* WORK REQUEST
An exact copy of the data below is needed; please leave out any pictures.

* INFORMATION SHOWN
☆ ☆ ☆

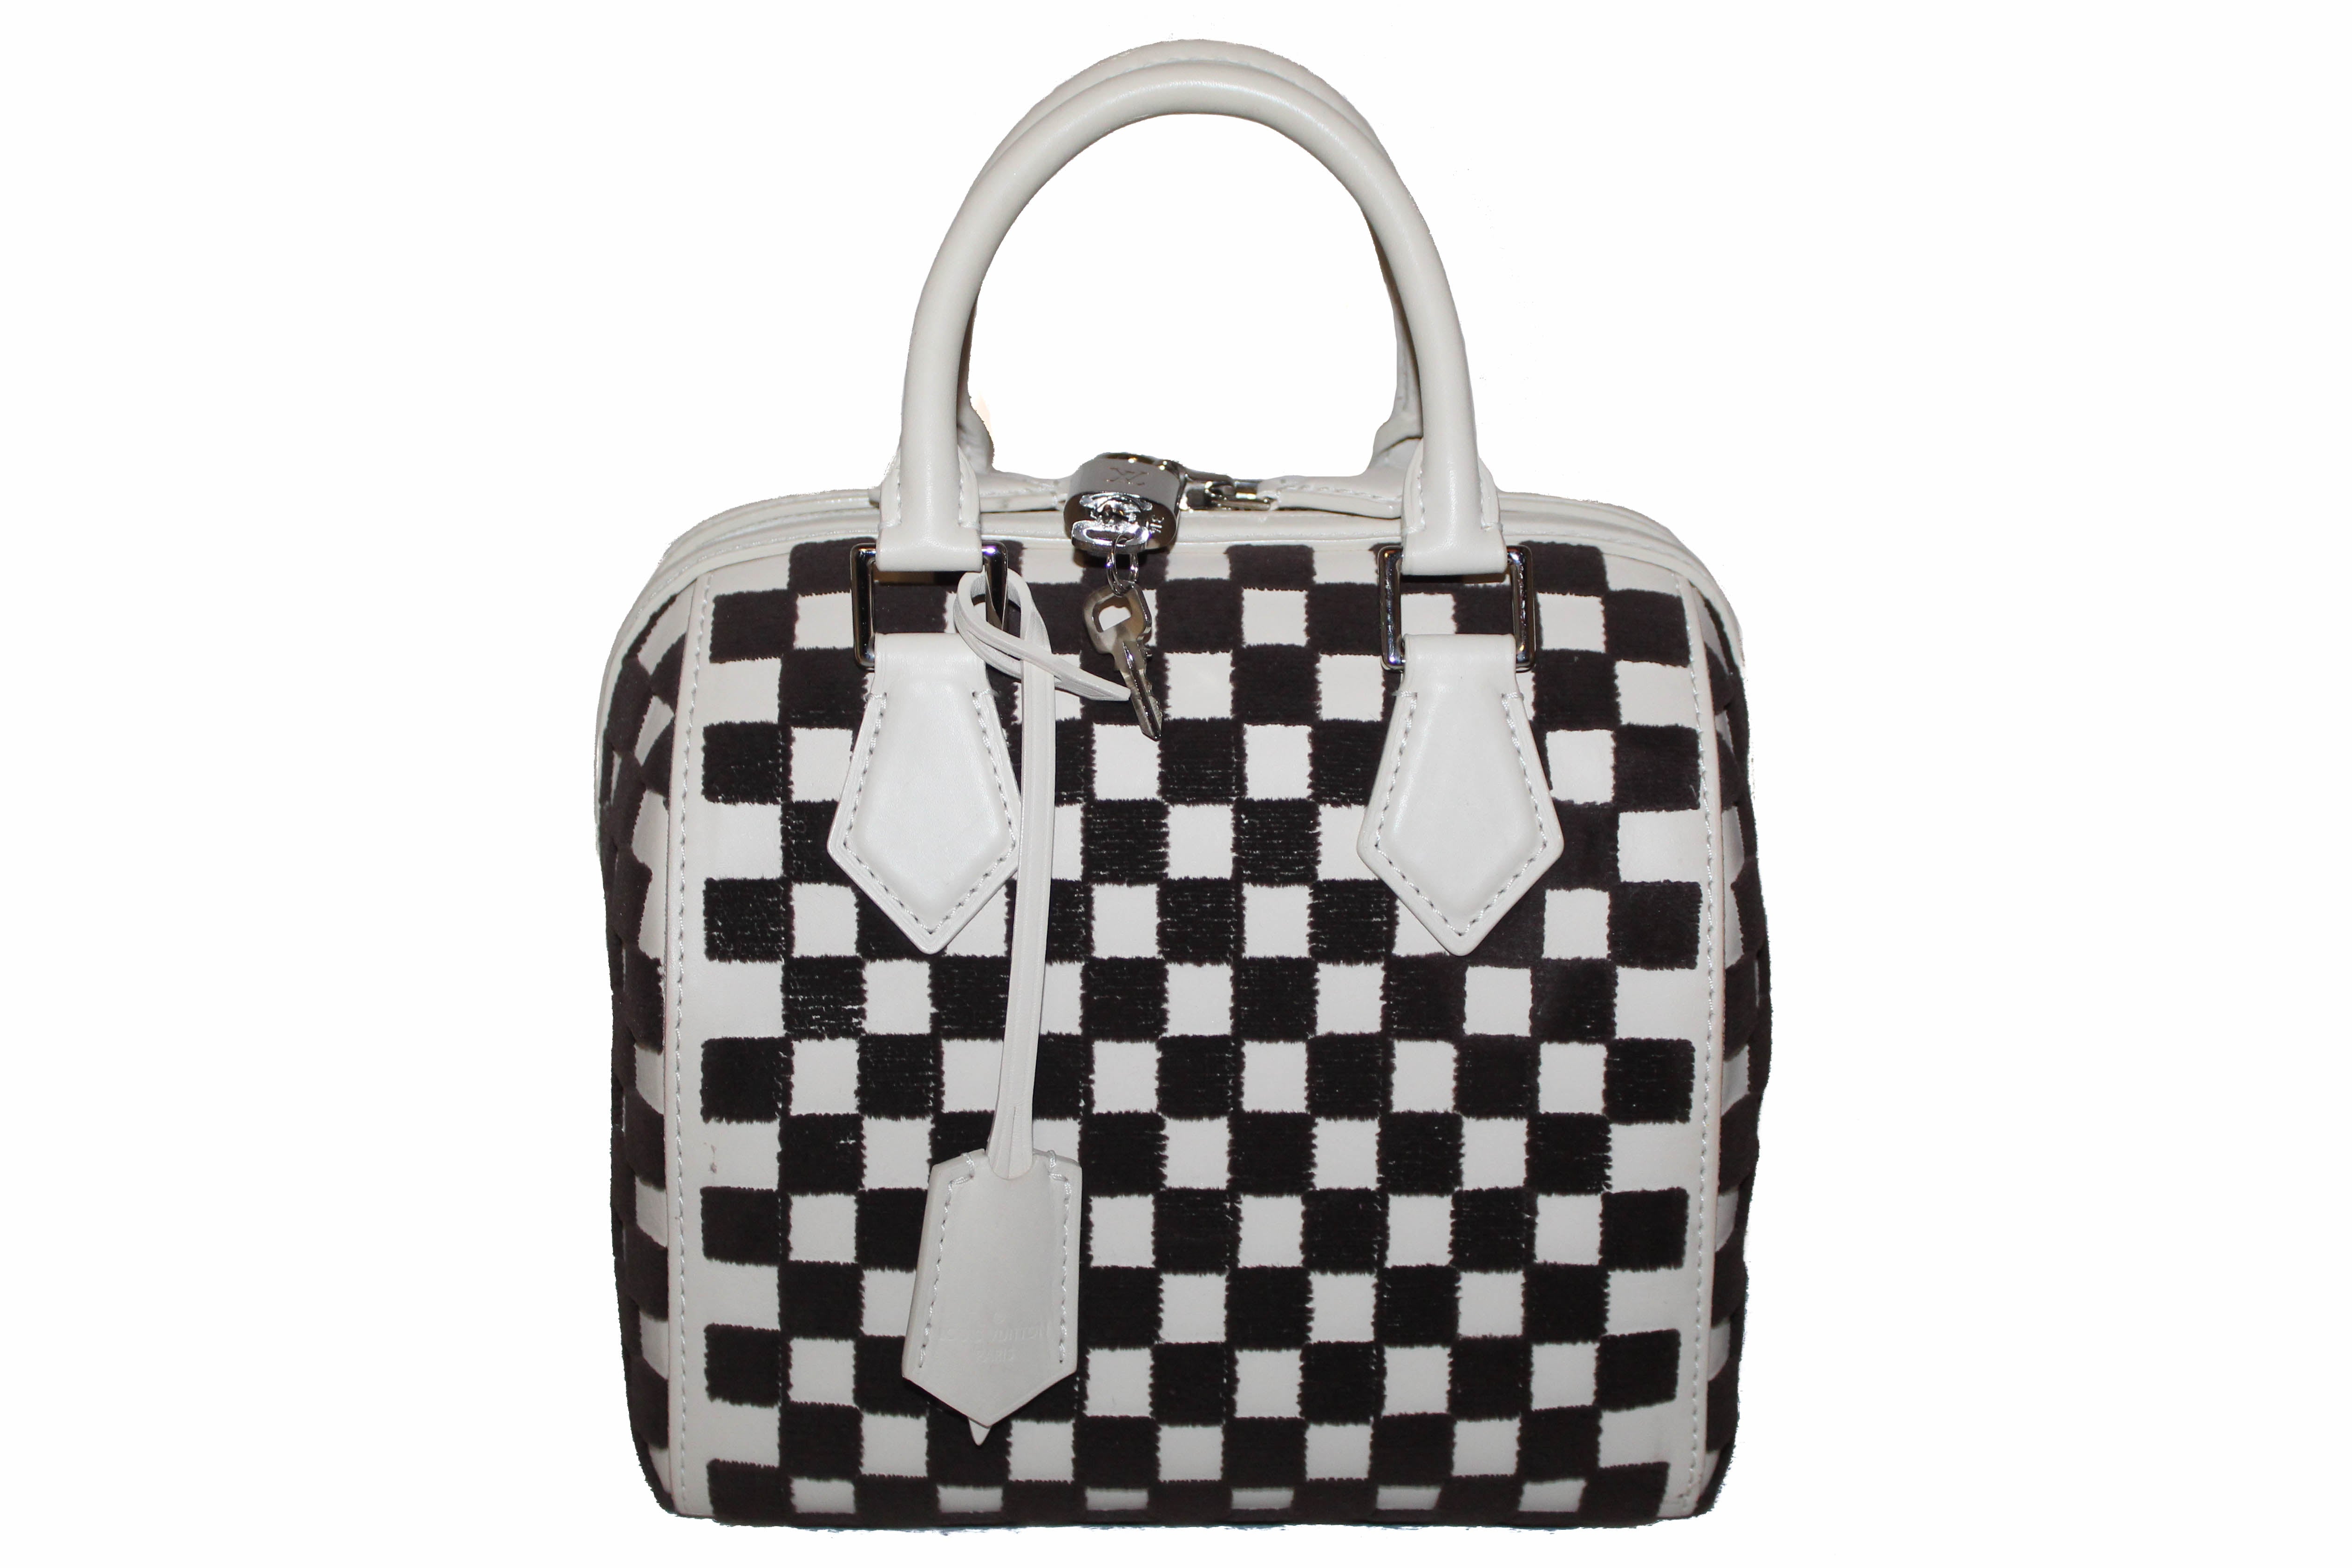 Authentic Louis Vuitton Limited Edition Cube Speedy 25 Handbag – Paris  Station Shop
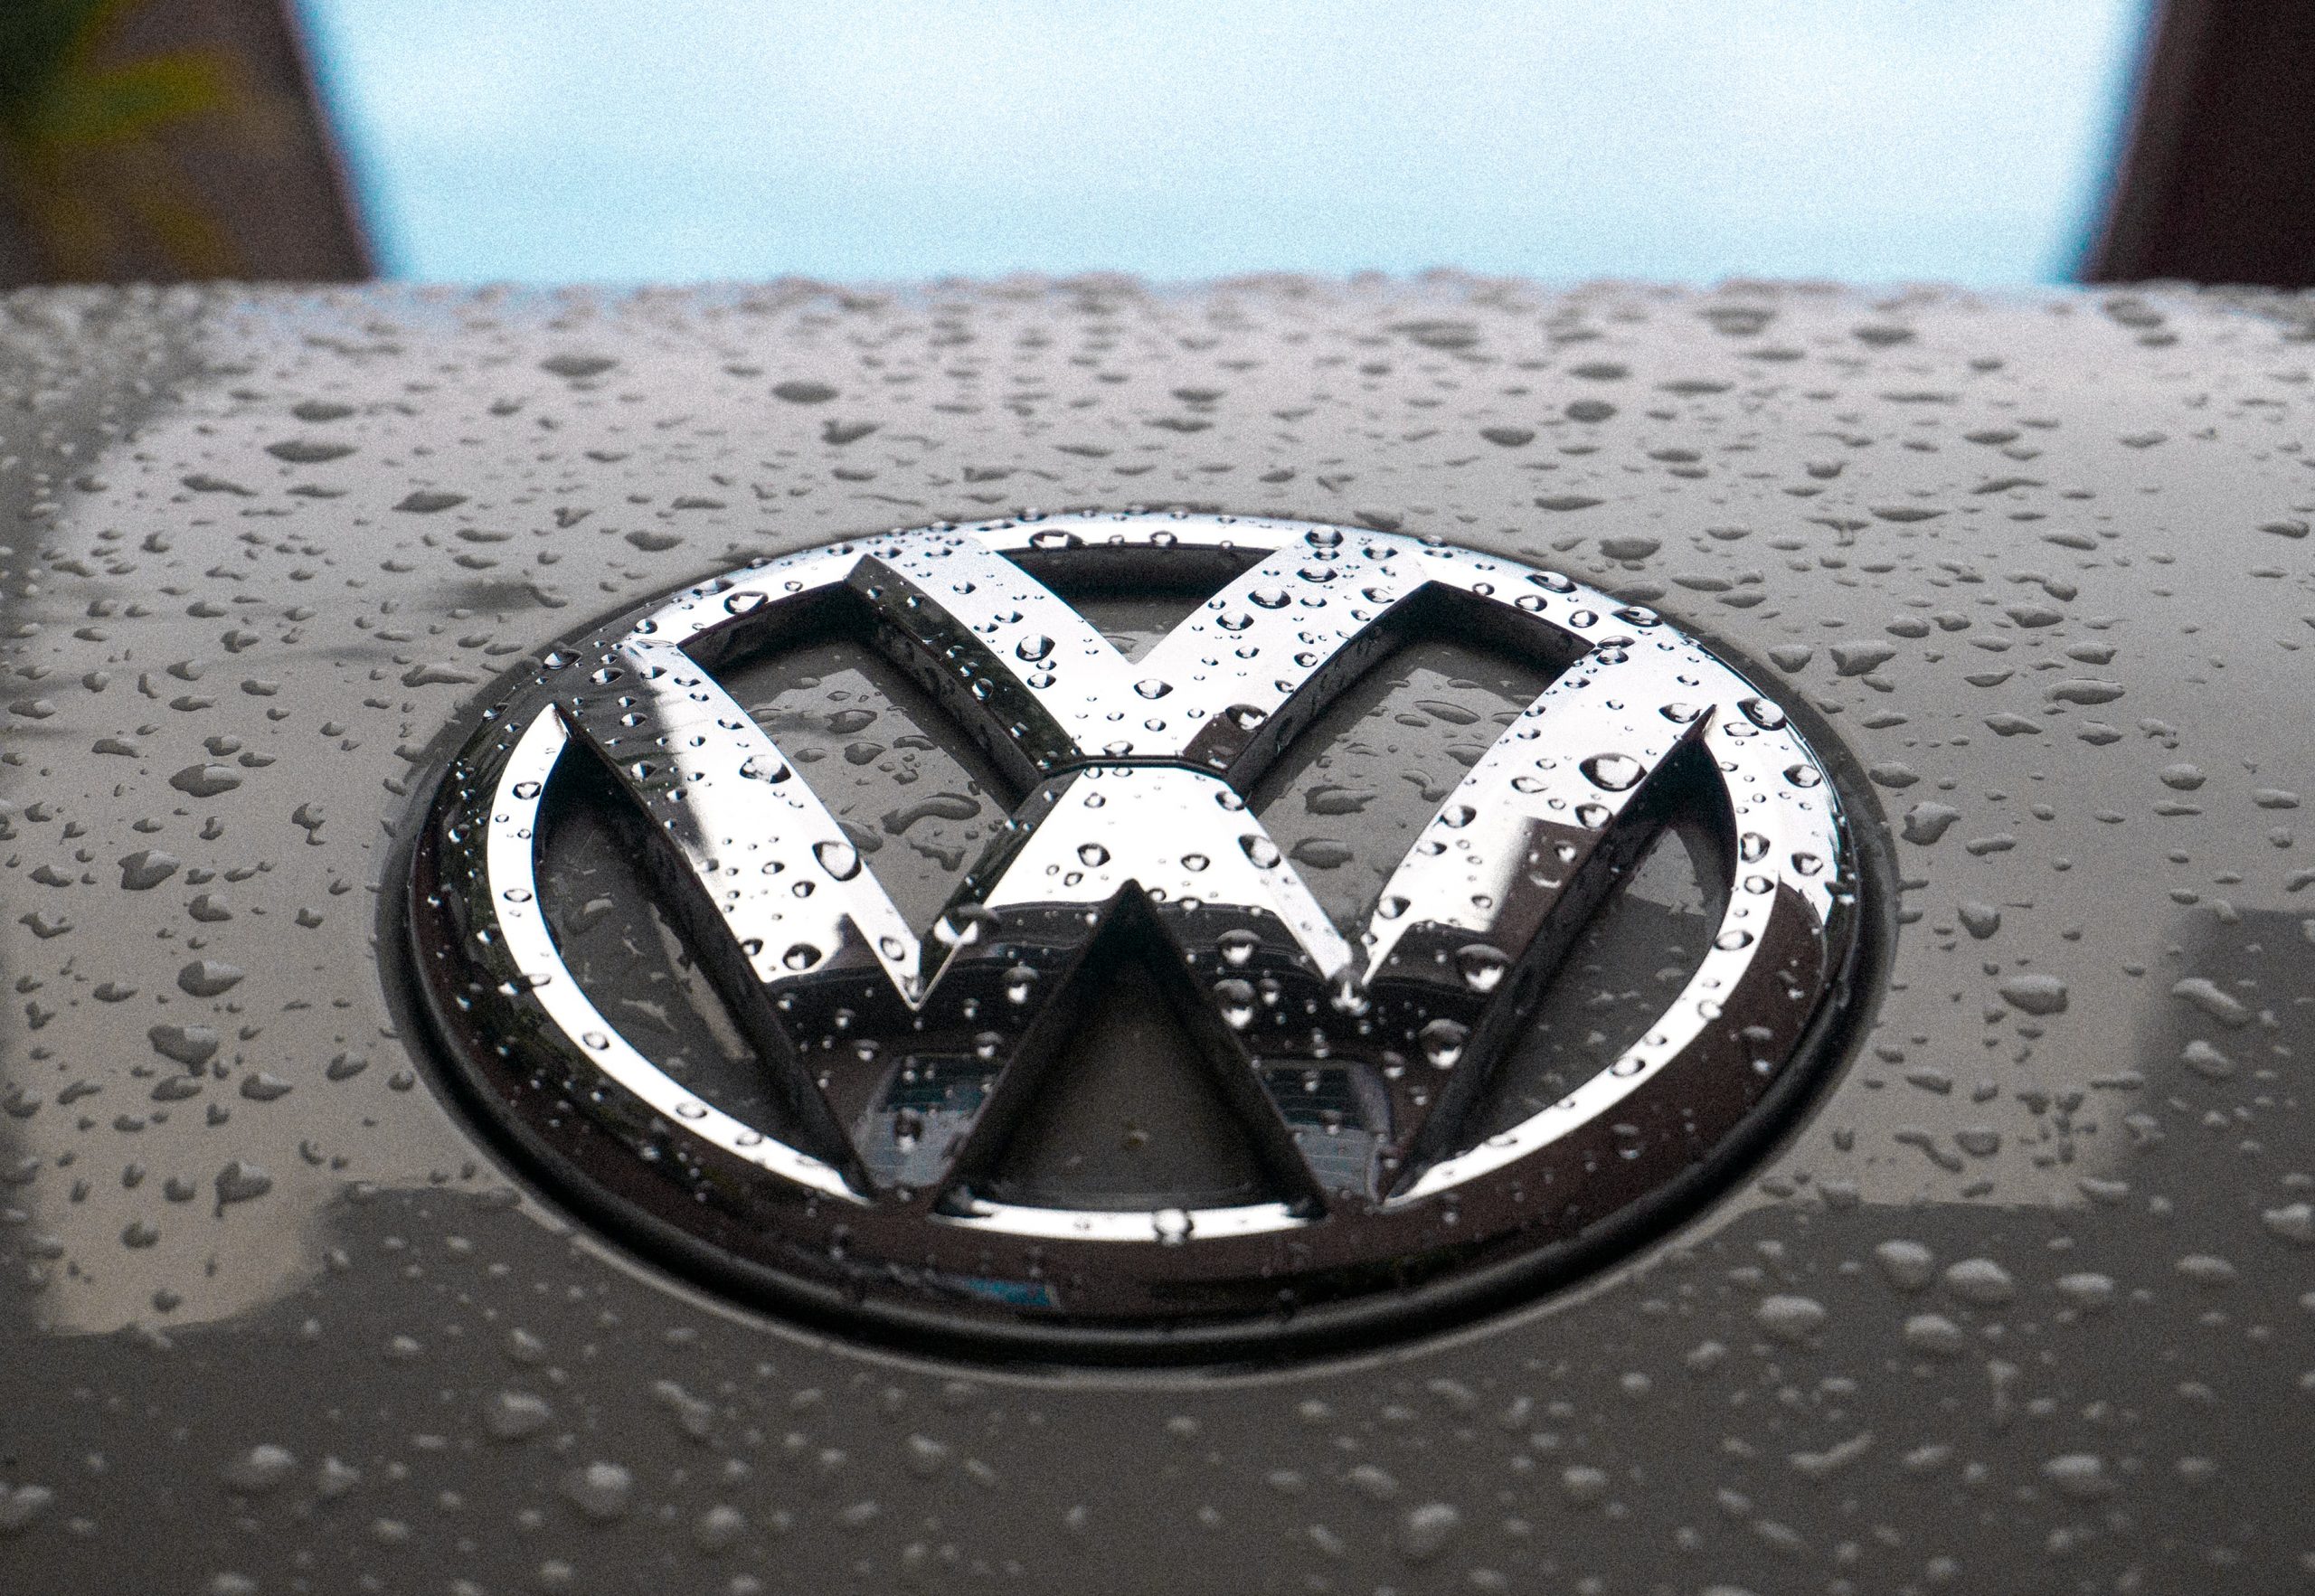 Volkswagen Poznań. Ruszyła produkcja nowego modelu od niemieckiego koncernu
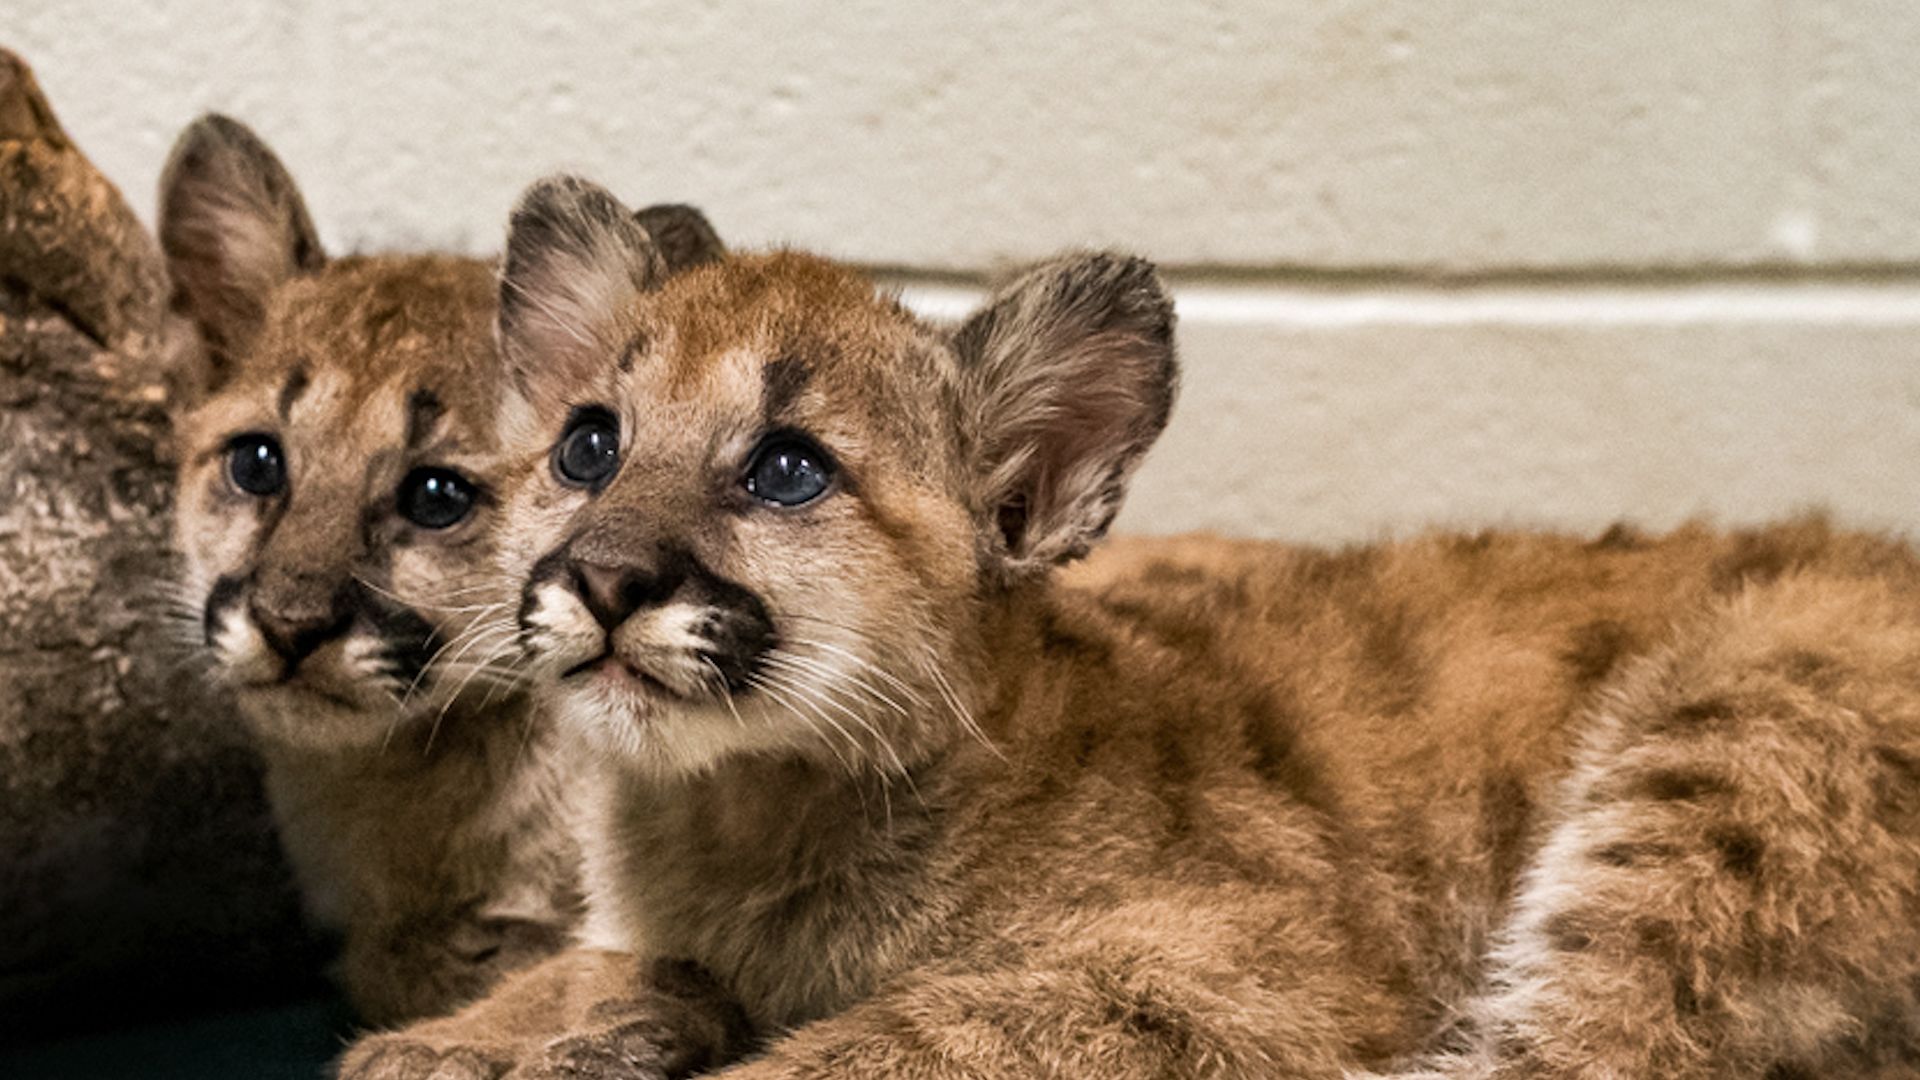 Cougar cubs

☆ ☆ ☆

* RESPONSE
 Authentic Louis Vuitton Limited Edition Cube Speedy 25 Handbag – Paris  Station Shop
 Volkswagen Poznań. Ruszyła produkcja nowego modelu od niemieckiego koncernu
 Cougar cubs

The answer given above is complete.